Task goal -> The output should be every line below, retyped exactly, with no images.

Stored data ->
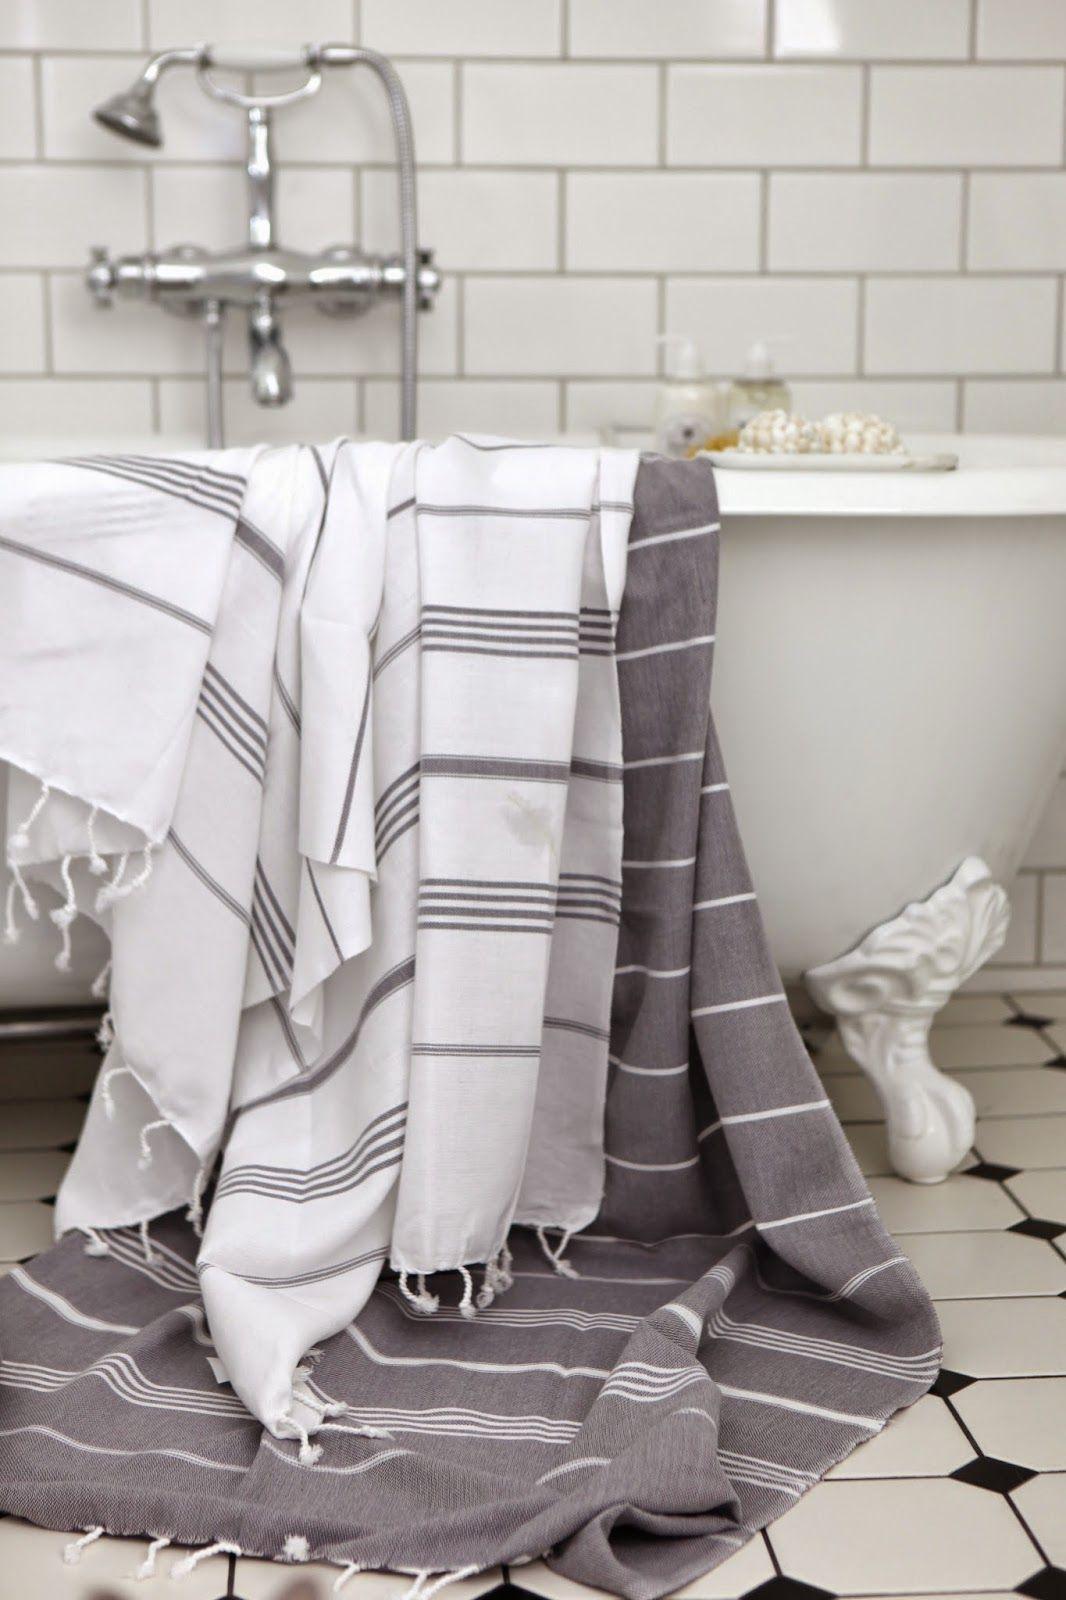 Accessoires Salle De Bain Turquie ~ lilla villa vita turkish towels pestemals hamman towels
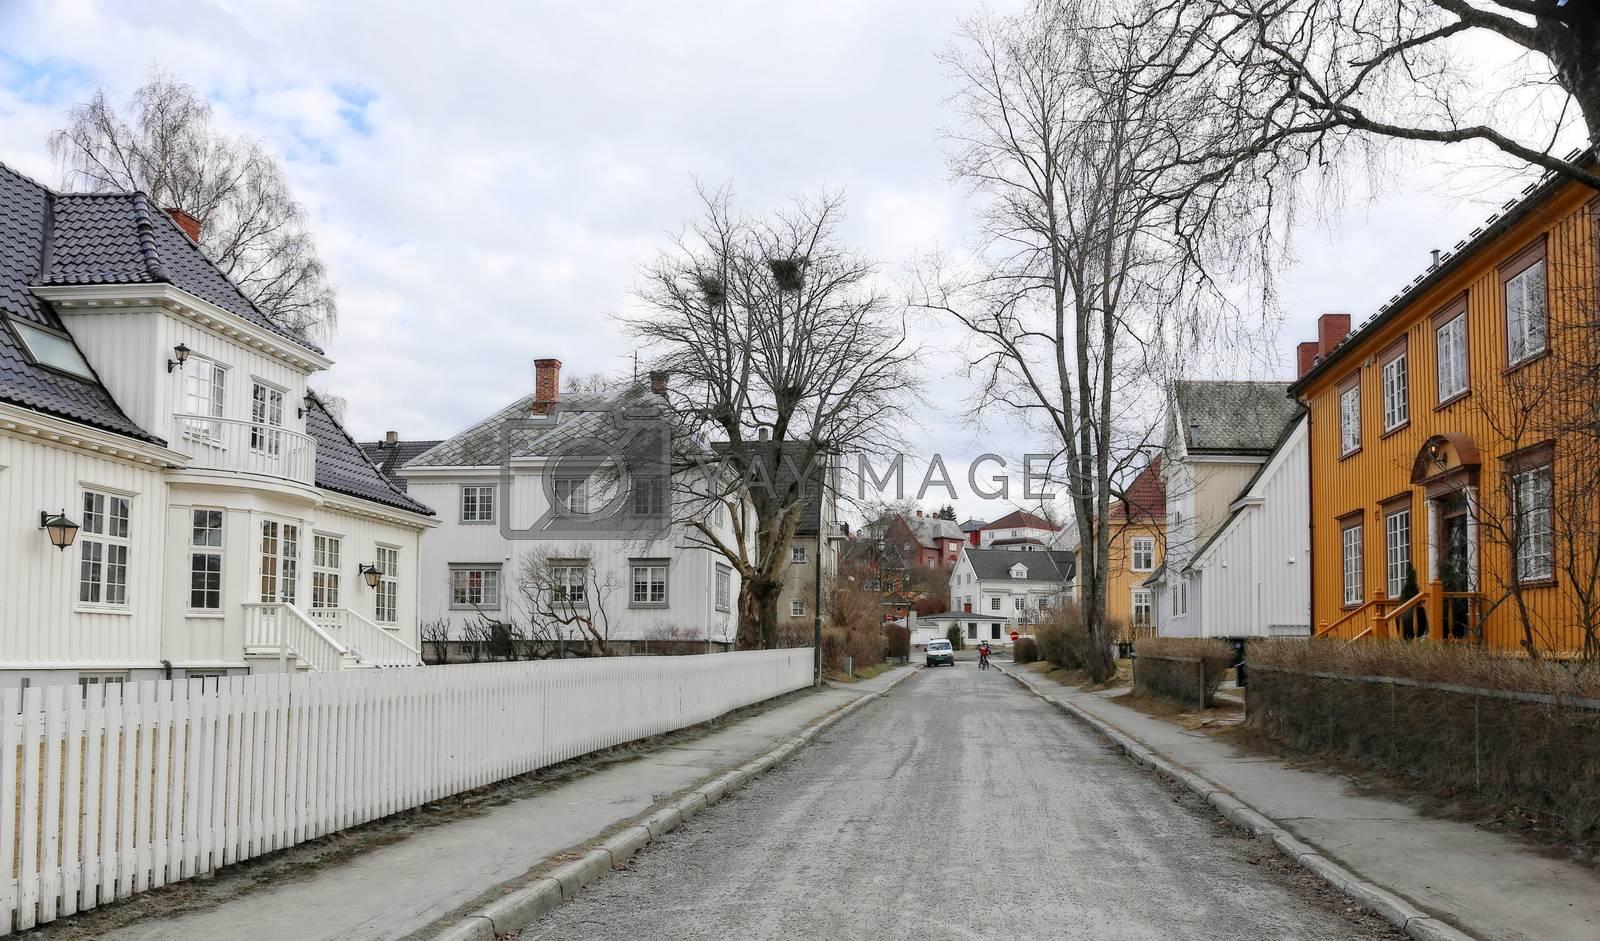 Rundtur i Trondheim en vårdag - Singsaker
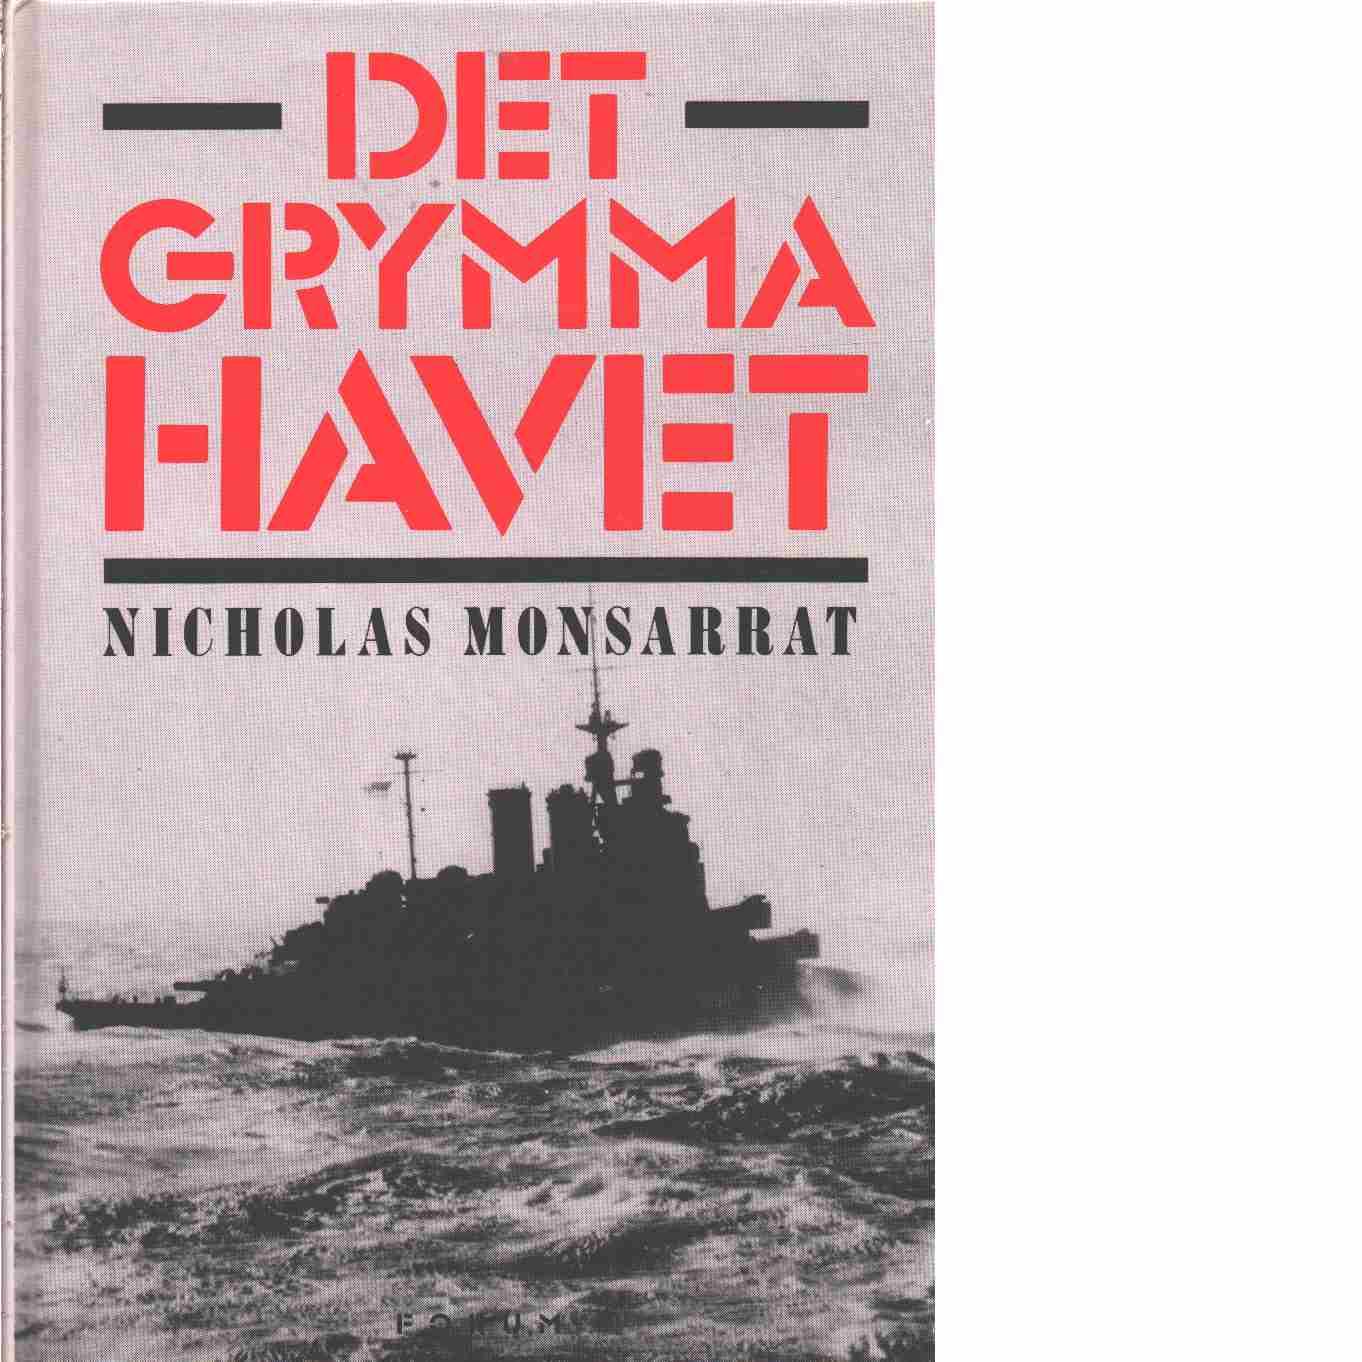 Det grymma havet - Monsarrat, Nicholas

Solution to this task ->
 Accessoires Salle De Bain Turquie ~ lilla villa vita turkish towels pestemals hamman towels
 Rundtur i Trondheim en vårdag - Singsaker
 Det grymma havet - Monsarrat, Nicholas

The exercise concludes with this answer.